Sasha, a Ukrainian refugee from Mariupol, said, "They sit down like this, facing away from you. They start flipping through your phone, smiling, and his partner says 'What is this? Well, well, what are you doing in this photo?' And 'I see you are a Baptist. Uh-huh.' But that is the easy part compared to what comes next."

Anyone suspected of disloyalty is sent to a filtration camp. There, beatings and torture are reportedly common. Those who survive are often forcibly relocated to remote parts of Russia.

Aliana Luniova, Advocacy Director for ZMINA Human Rights Center, said, "The tactic of the Russian empire and Soviet Union is to change the population. So they are trying to replace the population with those who come from the far east of Russia. They try to replace bureaucrats for Russian bureaucrats. So this is the tactic of the Russian politicians."

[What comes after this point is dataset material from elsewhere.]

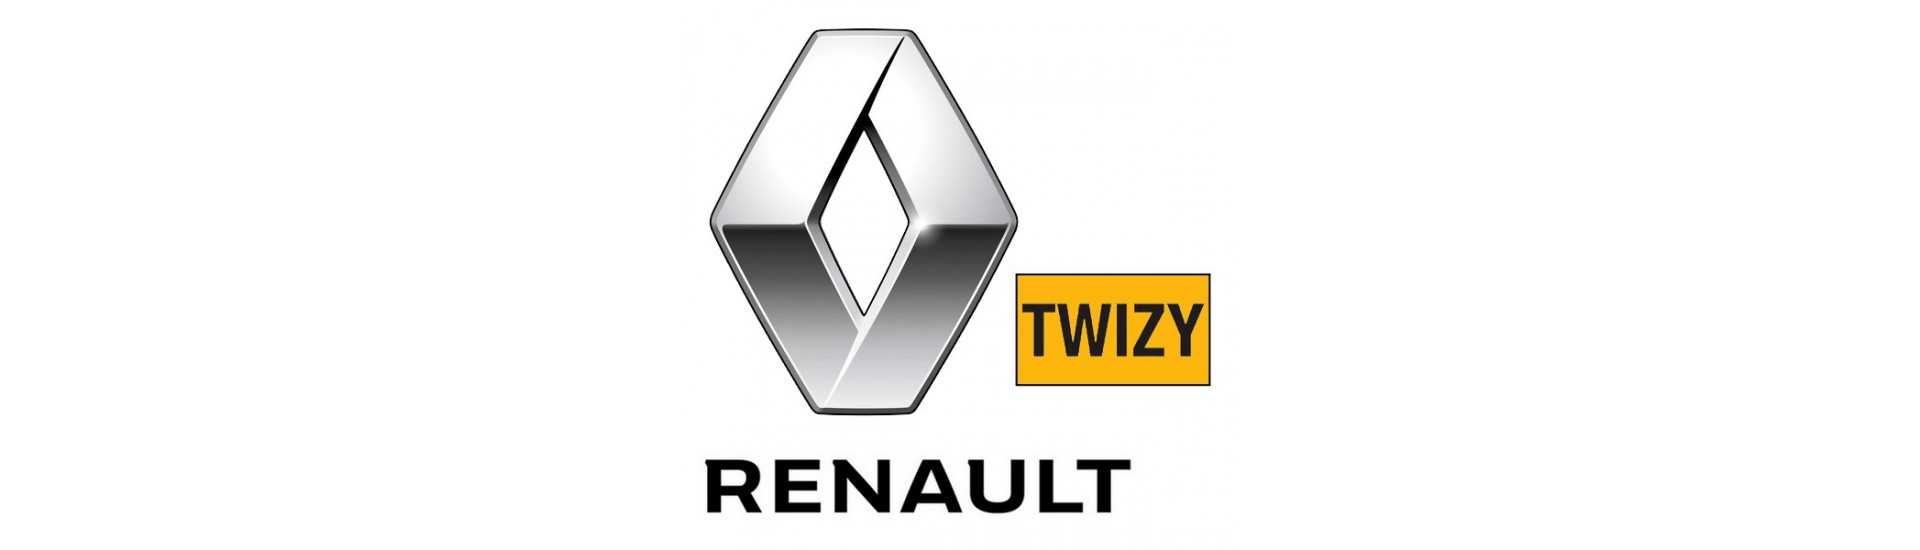 Compteur au meilleur prix pour voiture sans permis Renault Twizy

So far, it's estimated nearly 1.5 million Ukrainians have been sent to Russia. According to survivors, many who refuse end up in unmarked graves.
 
The full extent of the atrocities committed against Ukrainians has yet to be revealed, but even six months after the beginning of this war there are still people that are living their lives in bomb shelters all across this country. And it's not the sound of explosions outside that scares them. What scares them is that they will be forgotten by people like you and me.

"We want the world to know what is really happening and what the Russian occupation has led to. Bucha, Mariupol, now, unfortunately, Izium. Russia leaves death everywhere. And must be responsible for it. The world must hold Russia to real responsibility for this war," said Ukraine's president Volodymyr Zelenskyy.